● Dataset extract
--------------------------------
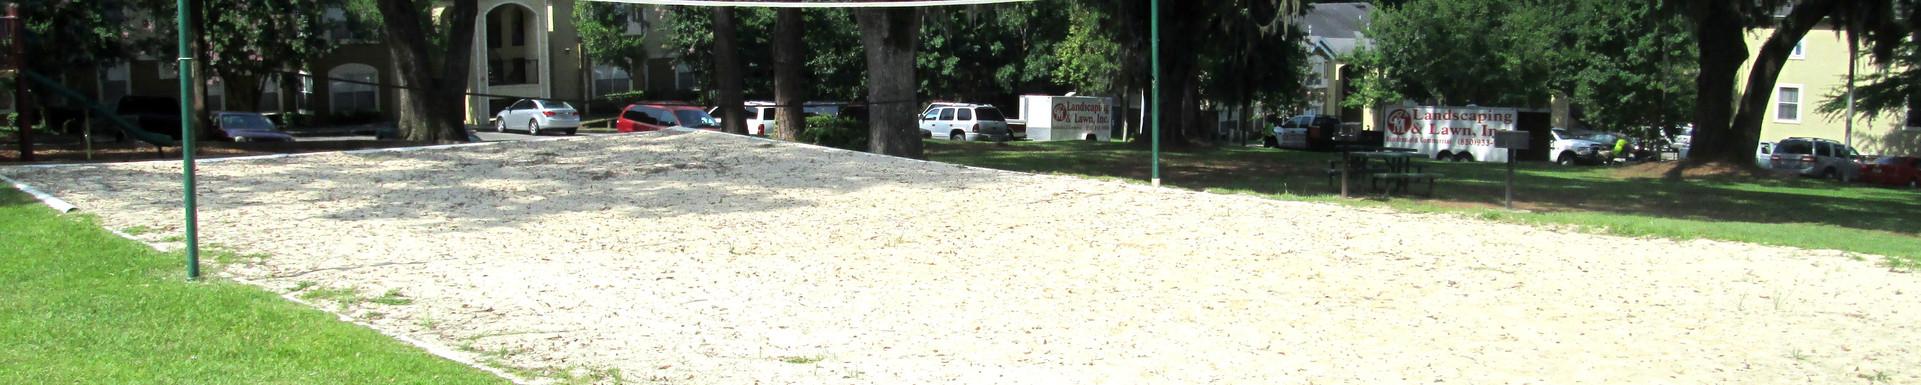 Glen Oaks Apartments Volley Ball Court
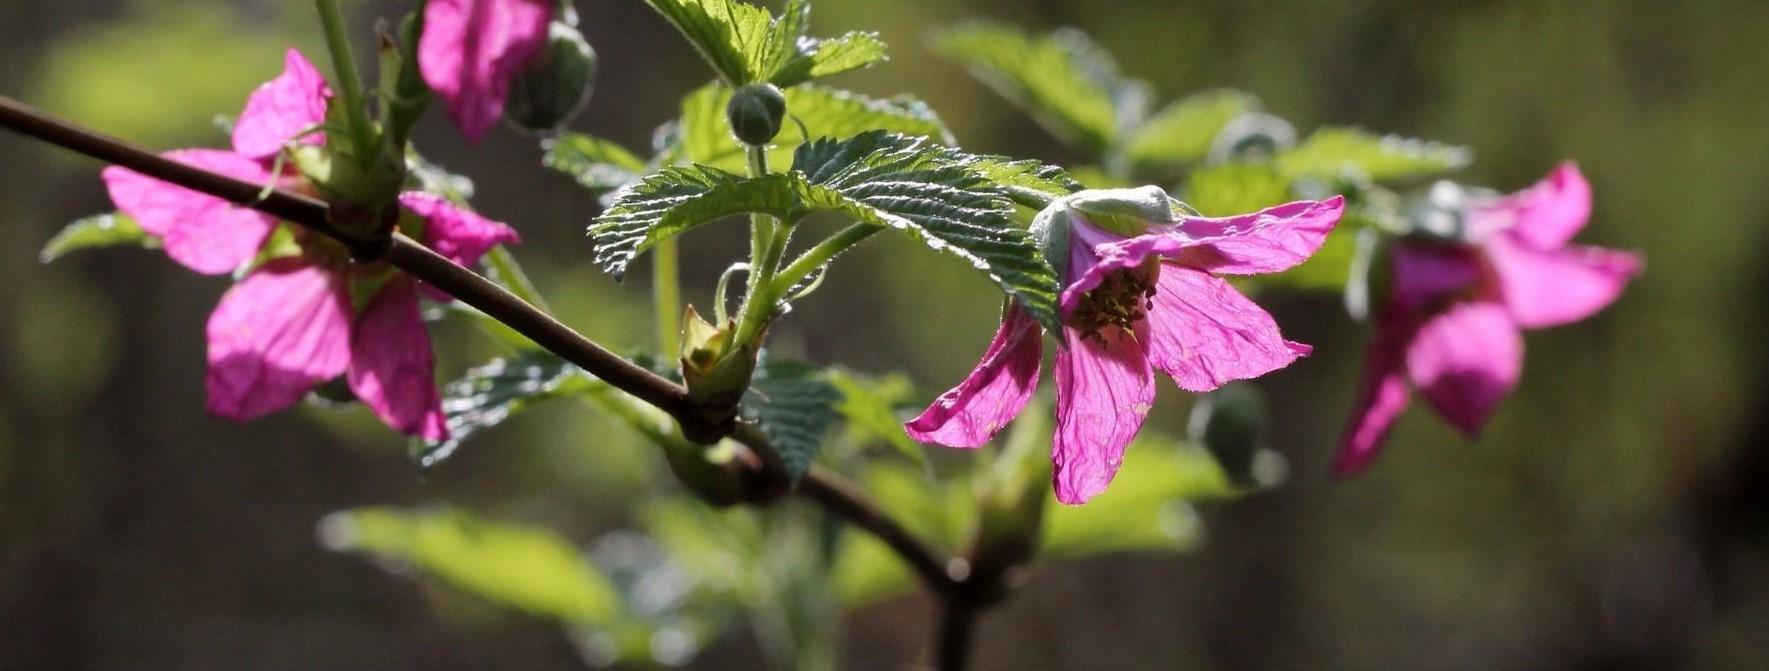 Salmonberry Flowers
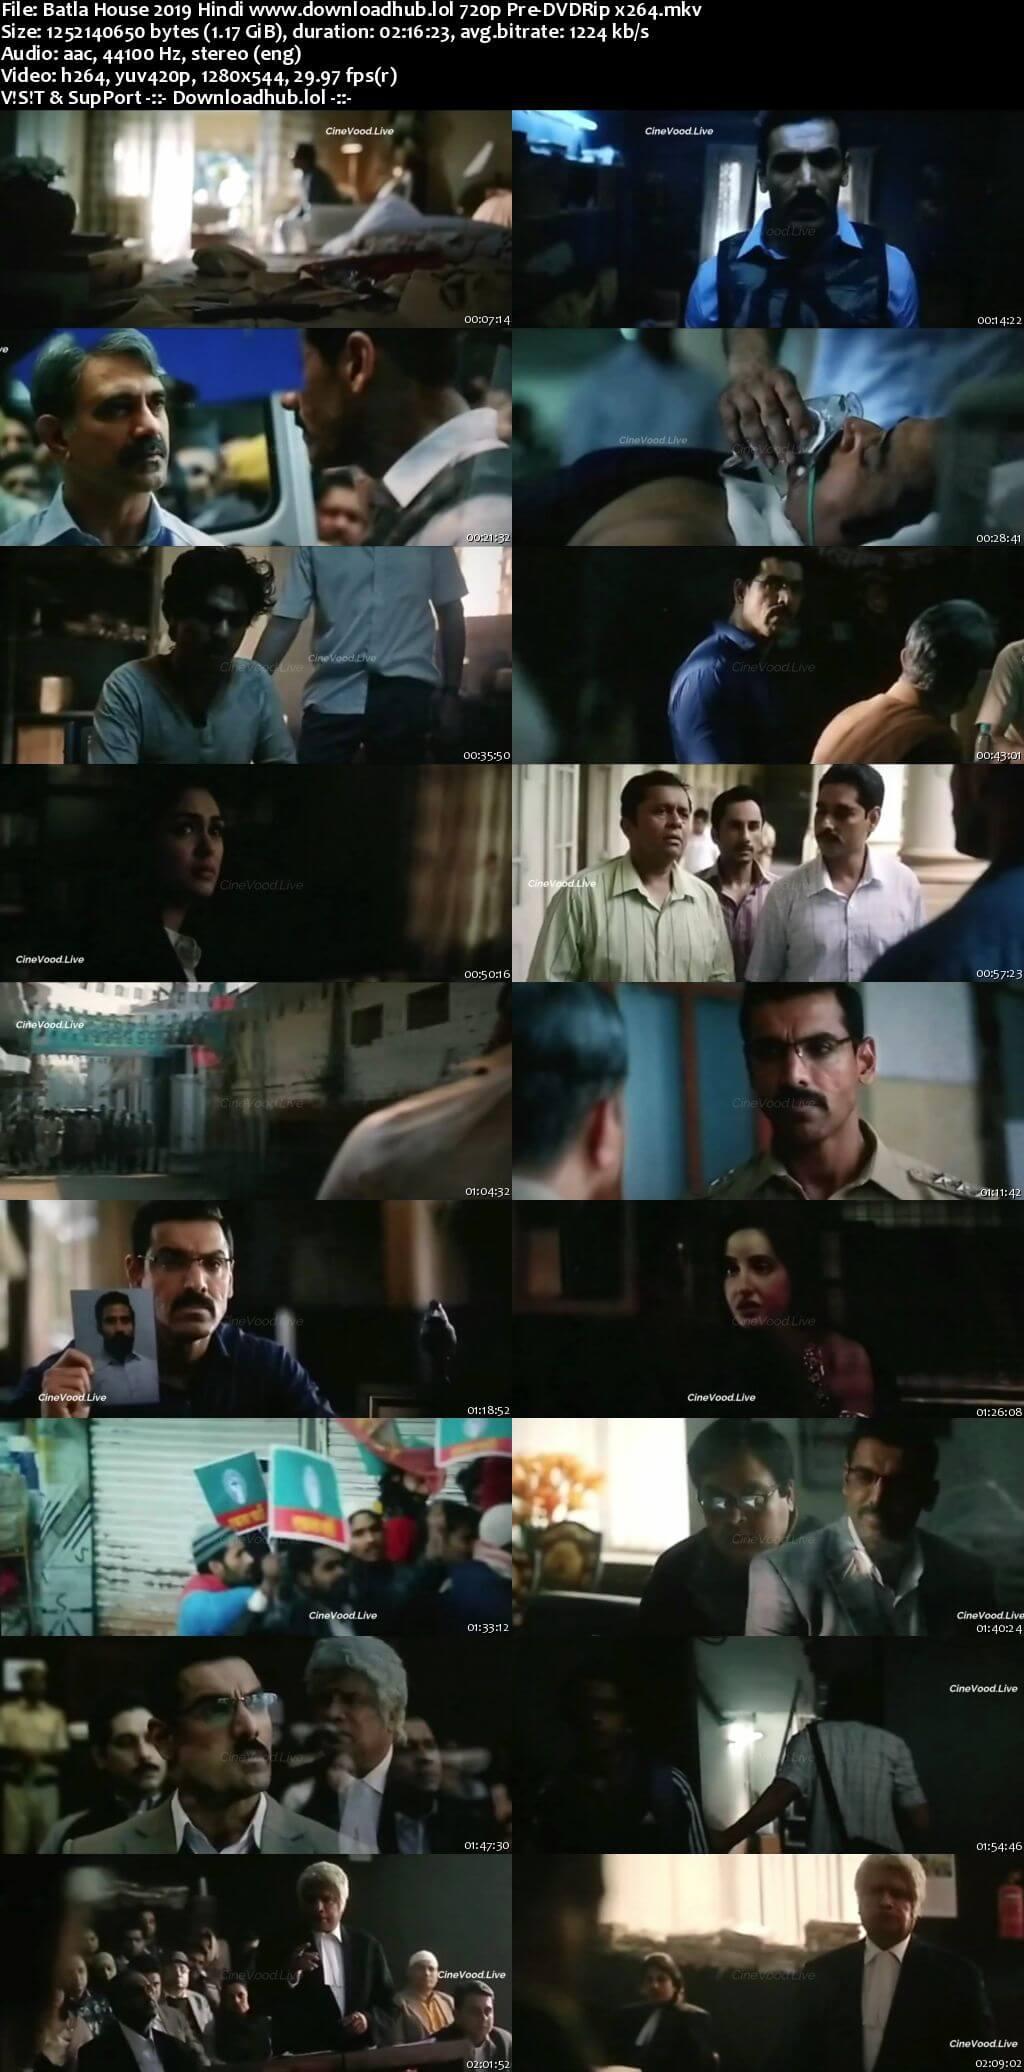 Batla House 2019 Hindi 720p Pre-DVDRip x264
--------------------------------
● Exercise
Would you print the listing above in full, exactly, but with no pictures?

● Output for this task
 Glen Oaks Apartments Volley Ball Court
 Salmonberry Flowers
 Batla House 2019 Hindi 720p Pre-DVDRip x264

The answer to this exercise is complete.